Statistical analysis

Patient demographics and baseline characteristics are described using mean, standard deviation, and median for continuous variables, and number and percentage for categorical variables. The proportion of missing data is reported for each variable measured in the study.

Kaplan–Meier plots for the time to first exacerbation among incident patients with COPD are presented by treatment initiation groups (prompt therapy group and delayed therapy group). The proportion of events and censoring as well as the median time to first exacerbation were based on the Kaplan–Meier method, and hazard ratios (HRs) and corresponding 95% confidence intervals (CIs) between groups were calculated using a Cox proportional hazards model including the treatment initiation groups. The AER was analyzed based on a negative binomial model including the treatment initiation group with the logarithmic length of the follow-up period as an offset variable. The rate ratio (RR) and 95% CIs between groups were estimated based on the negative binomial model. Adjusted HRs and RRs and corresponding 95% CIs between groups were also estimated including the treatment initiation group and covariates in the pre-index period (age, sex, number of comorbidities, systemic corticosteroid use, antibiotic use, and inpatient with a COPD exacerbation or acute respiratory failure).

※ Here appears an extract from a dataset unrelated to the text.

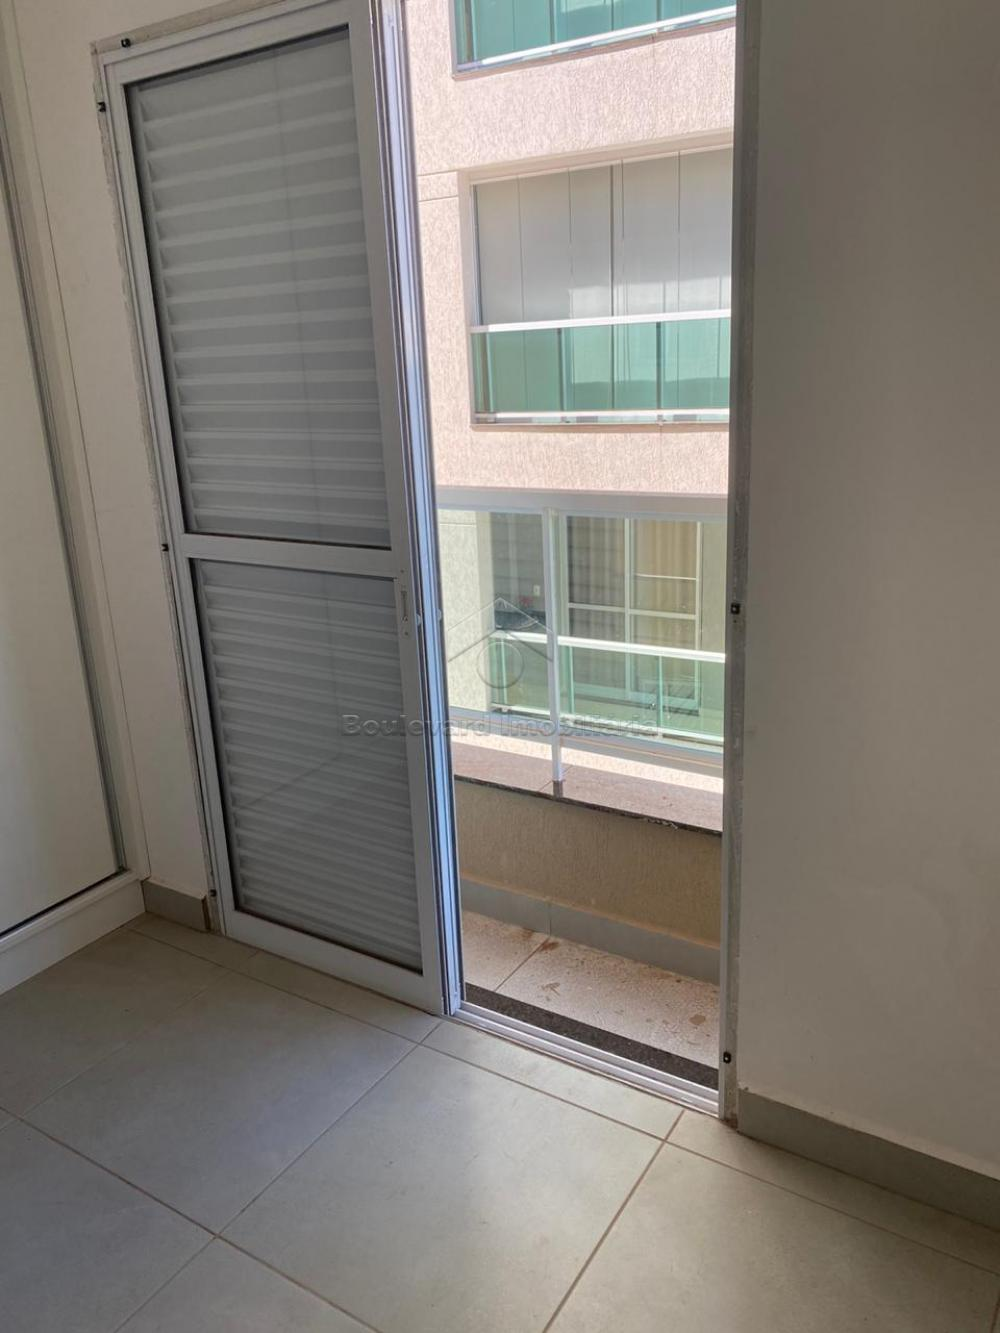 Alugar Apartamento / Padrão em Ribeirão Preto apenas R$ 1.000,00 - Foto 8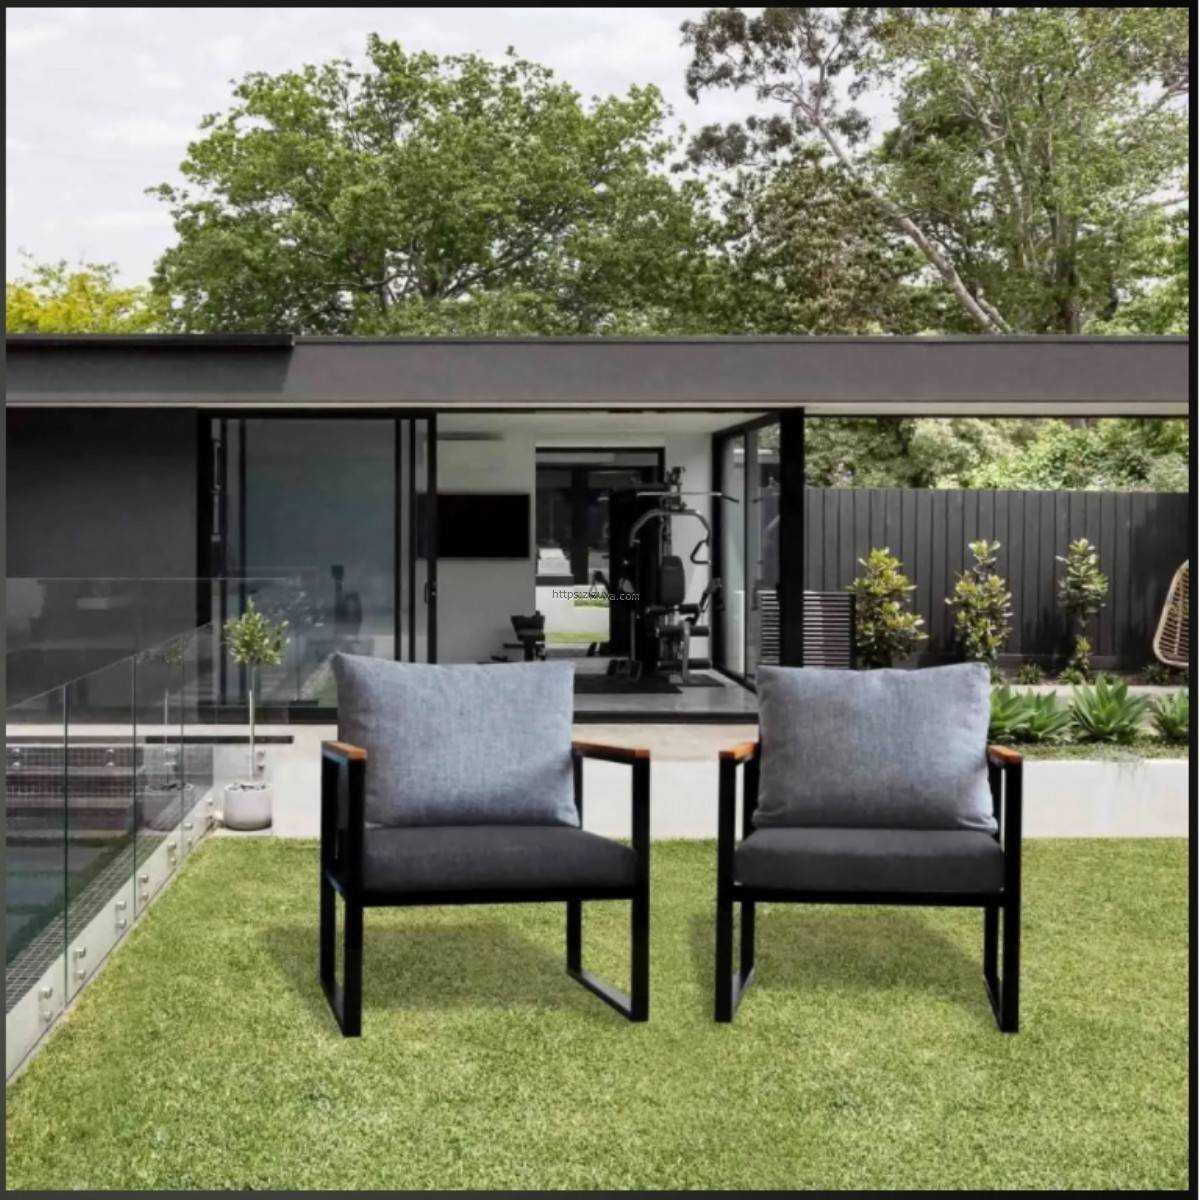 Zizuva Tasarım Tekli Garden  Bahçe Koltuğu ve Sehpa Set

Kaplan–Meier plots for the time to first exacerbation are presented by treatment initiation groups and by COPD phenotypes (CB [J42], emphysema [J43], and unclassified [J44]). CB or emphysema-type COPD was identified based on the corresponding diagnosis codes assigned from January 1, 2004, to December 31, 2018 (inclusive). The unclassified COPD phenotype included patients assigned the diagnosis code J44, including the first diagnosis from January 1, 2004, to December 31, 2018 (inclusive). The time to first exacerbation between the prompt therapy and delayed therapy groups was further compared in the following subgroups: (1) index date after November 1, 2013 (the time of LAMA + LABA therapy launch in Japan), and (2) index date after April 1, 2018 (the time when COPD guidelines began recommending LAMA + LABA use for COPD in Japan). Kaplan–Meier plots for the time to first exacerbation are also presented by subgroups restricted to patients with an incident pure COPD diagnosis and by subgroups stratified by post-diagnosis treatment initiation time points as follows: day 0 (i.e., the day of diagnosis or the index date) vs day 1 and beyond; from day 0 to day 59 (i.e., within 60 days of the index date) vs day 60 and beyond (i.e., 60 days after the index date); and from day 0 to day 89 (i.e., within 90 days of the index date) vs day 90 and beyond (i.e., 90 days after the index date).

Results

Patients characteristics

A total of 1,022,447 patients diagnosed with COPD between January 2004 and December 2019 were identified from the RWD database (Fig. 2). Of the patients who met the inclusion criteria (n = 29,501), those diagnosed with asthma in the inpatient or outpatient setting (n = 18,285) and those with a reversal of COPD diagnosis within 3 months (n = 18,938) were excluded. Thus, a total of 3628 patients were included for further analysis: prompt therapy group (1466 [40.4%]), delayed therapy group (1516 [41.8%]), and patients who experienced exacerbations during the grouping period (within the first 30 days of diagnosis; 646 [17.8%]).

Fig. 2
figure 2

Analysis population. All values are n or n (%). COPD chronic obstructive pulmonary disease, EMR electronic medical record, ICD-10 International Statistical Classification of Diseases and Related Health Problems, 10th Revision, ICS inhaled corticosteroid, LABA long-acting β2-agonist, LAMA long-acting muscarinic antagonist, RWD-DB Real World Data database, SABA short-acting β2-agonist, SAMA short-acting muscarinic antagonist

The mean age of patients in the prompt therapy group was 73.4 years, with 15.1% (n = 222) of patients aged 40–64 years and 84.9% (n = 1244) aged ≥ 65 years. The mean age of patients in the delayed therapy group was 72.6 years, with 17.5% (n = 265) of patients aged 40–64 years and 82.5% (n = 1251) aged ≥ 65 years. The proportion of men was higher in both groups (prompt 83.3% [n = 1221]; delayed 82.8% [n = 1256]). Differences in the distribution of baseline covariates are summarized using the standardized mean difference (SMD; Table 1). The SMD was > 0.1 for smoking status, lung function test history, systemic corticosteroid use, antibiotic prescriptions, phenotype, comorbidities, physician’s medical specialty, and facility size. The frequency of lung function tests was higher in the prompt therapy group (prompt 45.3%; delayed 12.7%). CB (prompt 12.6%; delayed 37.7%) and unclassified (code J44) (prompt 52.8%; delayed 25.3%) were more prevalent in the prompt therapy group. The Charlson Comorbidity Index (moderate) (prompt 3.4%; delayed 1.7%) and the rates of lung cancer, malignant neoplasm of bladder, and lower respiratory tract infection were higher in the prompt therapy group. The number of facilities with ≥ 500 beds was higher in the prompt therapy group (prompt 65.0%; delayed 44.6%).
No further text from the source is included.